Public reaction split sharply. Some netizens treated the product as a practical, even modern, way to perform filial duties when travel is impossible; others condemned the idea of placing a monetary price on intimate family gestures, arguing it corrodes the sincerity at the heart of filial piety and offends basic social norms. Social commentators and analysts warned the item crossed an ethical line and risked trampling on personal dignity and public order.
The episode exposes a wider tension in China’s expanding gig economy: platforms eager to lift average order values by selling personalised, affective labour are bumping into moral, cultural and reputational constraints. Services that trade in symbolic acts — bowing, mourning or apology — are especially sensitive because they embody collective values and cannot be easily reduced to a commercial transaction without provoking cultural backlash.

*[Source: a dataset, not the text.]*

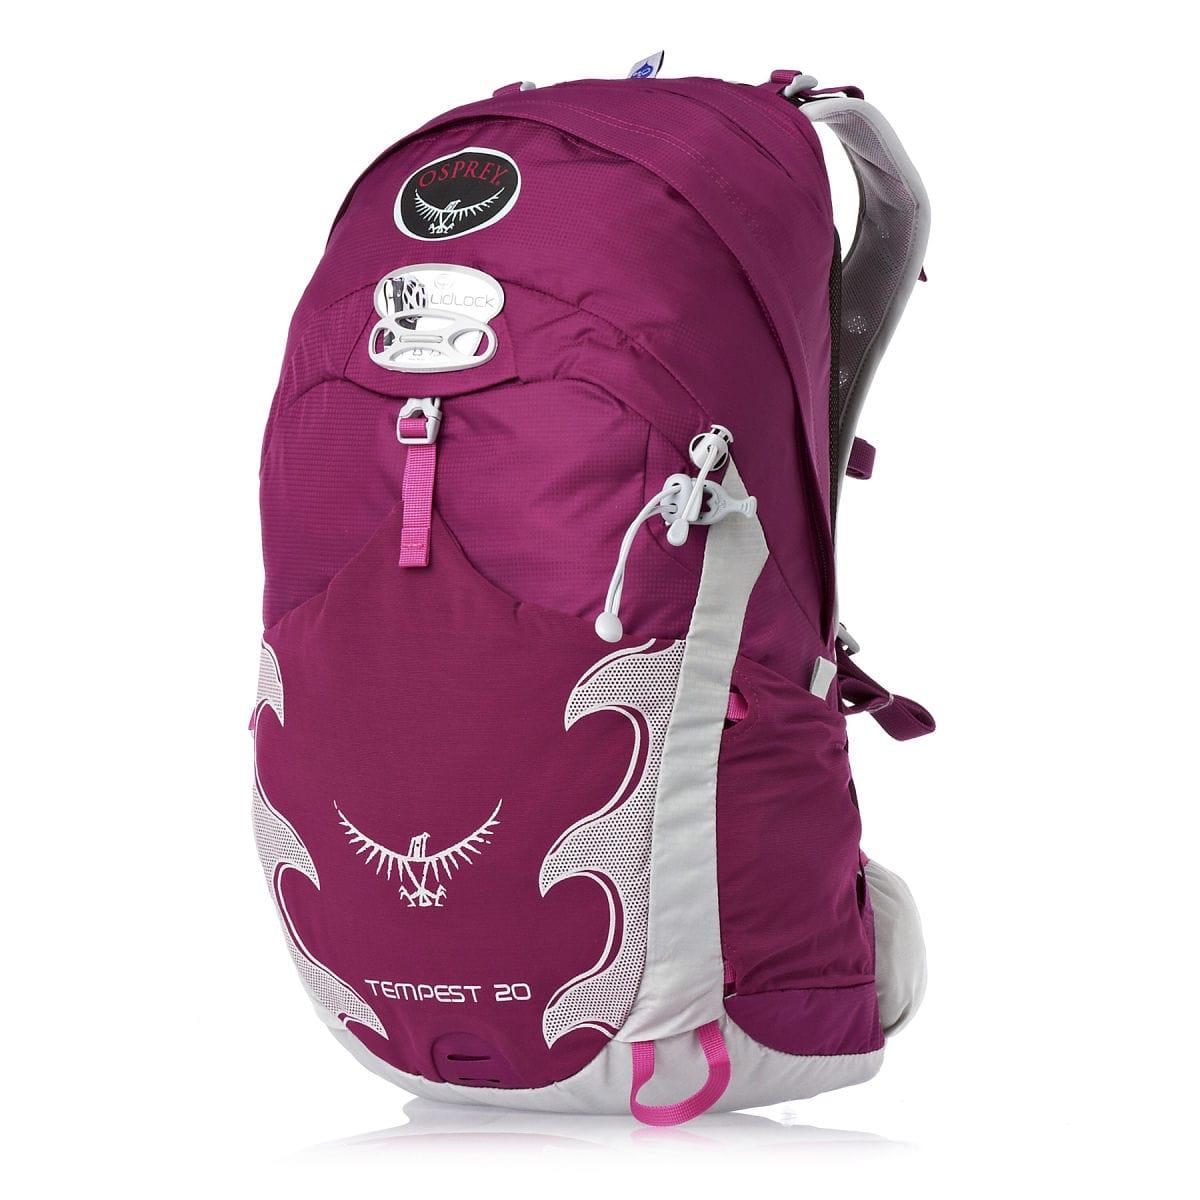 Osprey Daypack

For platforms the lesson is immediate. Emotional‑service products can help boost revenue and customer stickiness, but they also carry asymmetric reputational risk. Regulators and public opinion can move quickly when commercial innovation touches on family values, forcing sudden reversals that leave companies exposed and couriers uncertain about the rules of engagement.
UU’s retreat is unlikely to end experiments in intimacy‑adjacent services, but it will probably force more cautious product design, clearer ethical guardrails and firmer consent mechanisms for both customers and riders. The balance firms strike between convenience, commerce and cultural norms will determine whether this niche becomes a sustainable line of business or a recurrent source of controversy.